Learning Monotonic Alignments with Source-Aware GMM AttentionDownload PDF

28 Sept 2020 (modified: 05 May 2023)ICLR 2021 Conference Blind SubmissionReaders: Everyone
Keywords: Monotonic alignments, sequence-to-sequence model, aligned attention, streaming speech recognition, long-form speech recognition
Abstract: Transformers with soft attention have been widely adopted in various sequence-to-sequence (Seq2Seq) tasks. Whereas soft attention is effective for learning semantic similarities between queries and keys based on their contents, it does not explicitly model the order of elements in sequences which is crucial for monotonic Seq2Seq tasks. Learning monotonic alignments between input and output sequences may be beneficial for long-form and online inference applications that are still challenging for the conventional soft attention algorithm. Herein, we focus on monotonic Seq2Seq tasks and propose a source-aware Gaussian mixture model attention in which the attention scores are monotonically calculated considering both the content and order of the source sequence.
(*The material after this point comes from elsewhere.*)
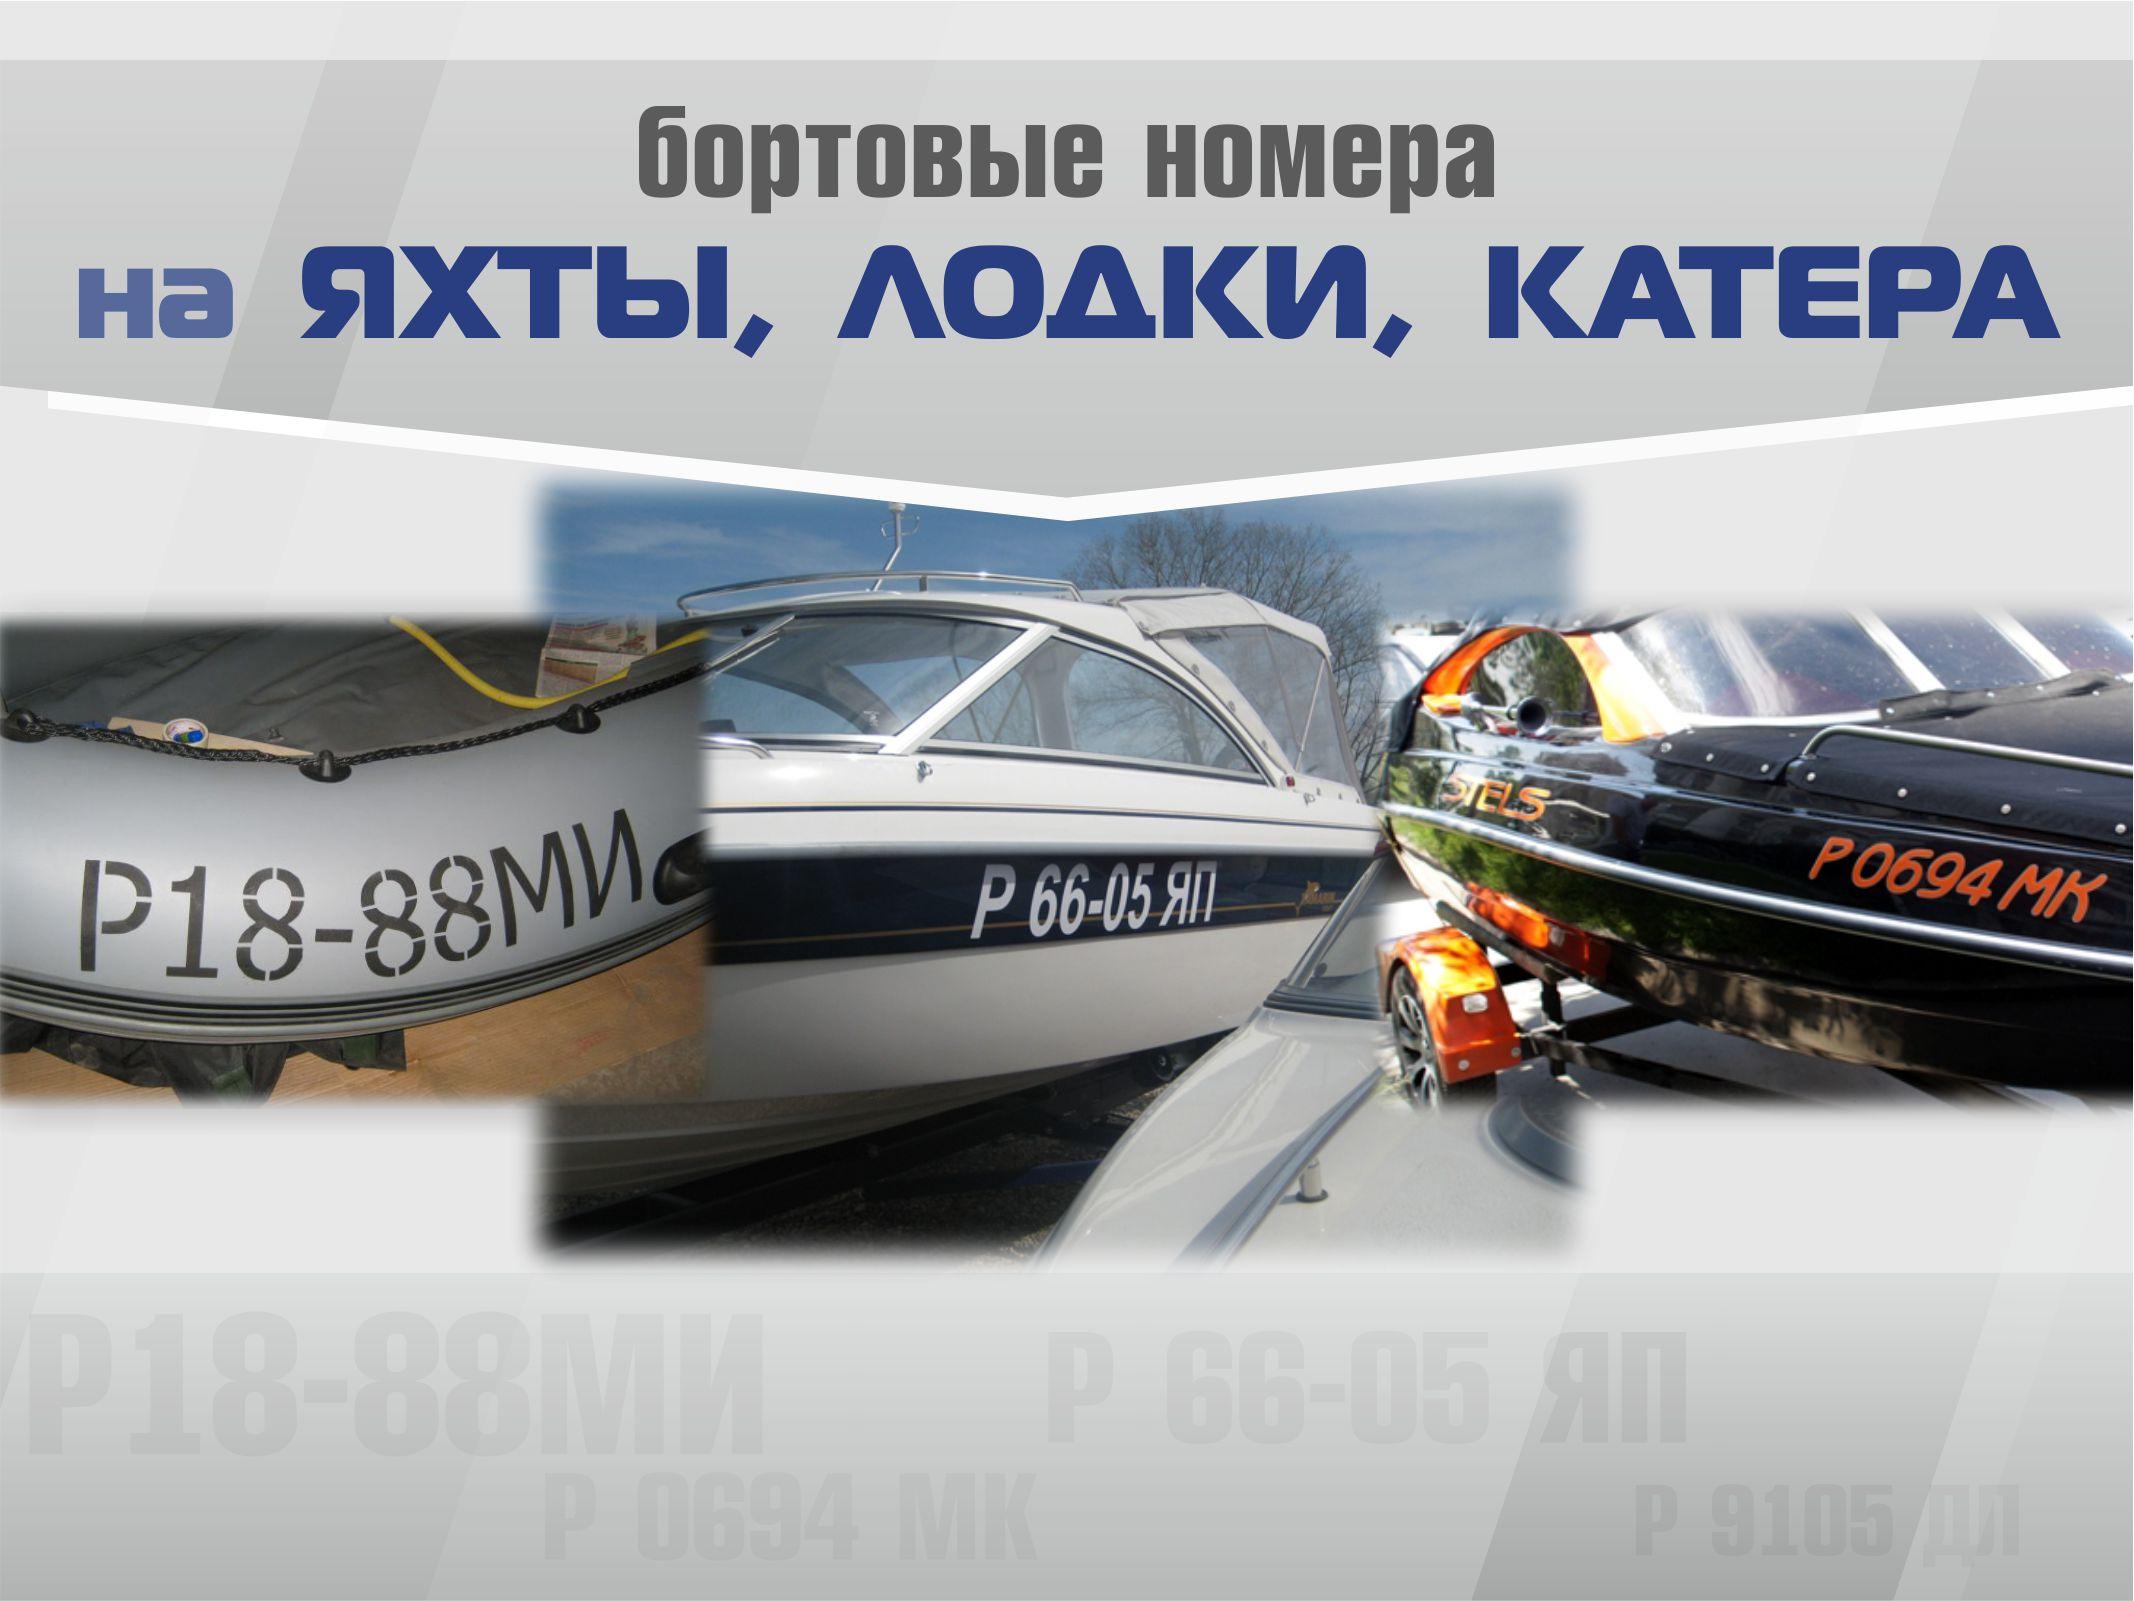 бортовые номера на яхты, лодки, катера
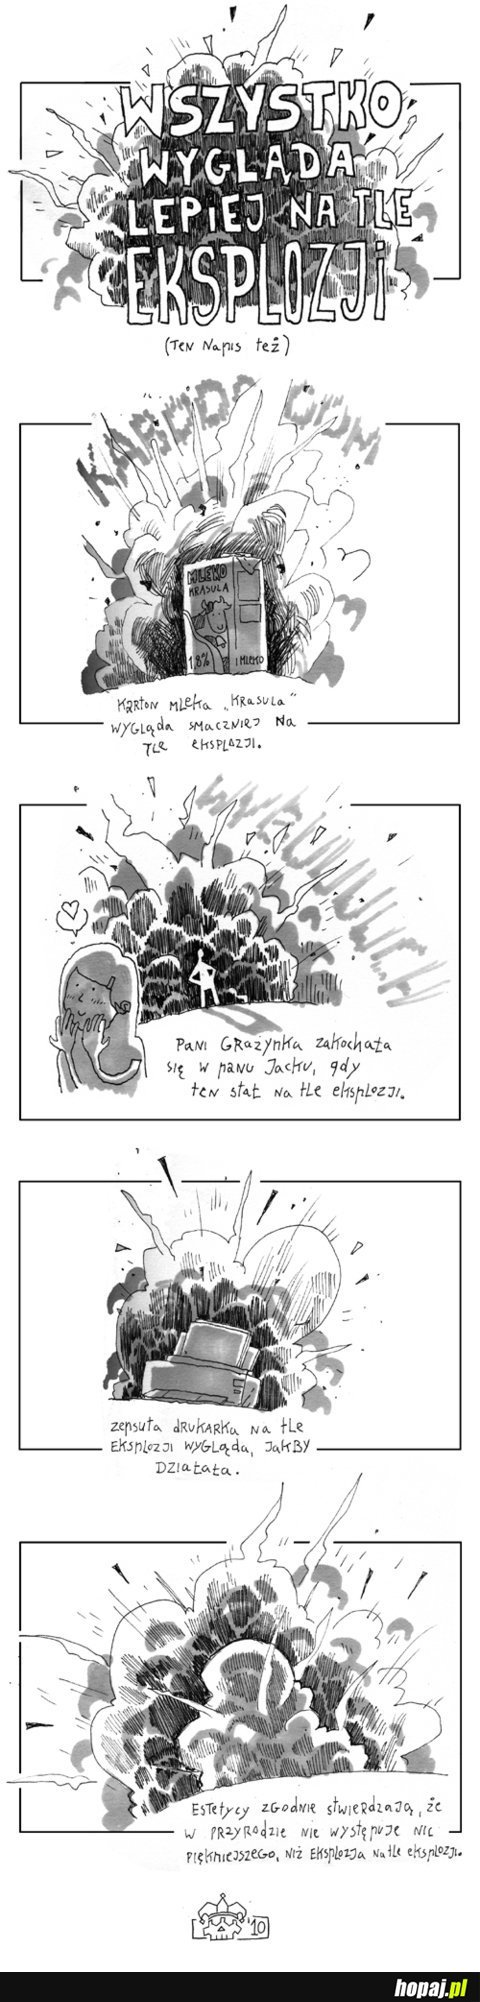 Wszystko wygląda lepiej na tle eksplozji

We experimentally demonstrate that the proposed attention mechanism improved the performance on the online and long-form speech recognition problems without performance degradation in offline in-distribution speech recognition.
One-sentence Summary: We focus on monotonic sequence-to-sequence tasks and propose source-aware GMM attention which enables online inference and improves long-form sequence generation performance in speech recognition.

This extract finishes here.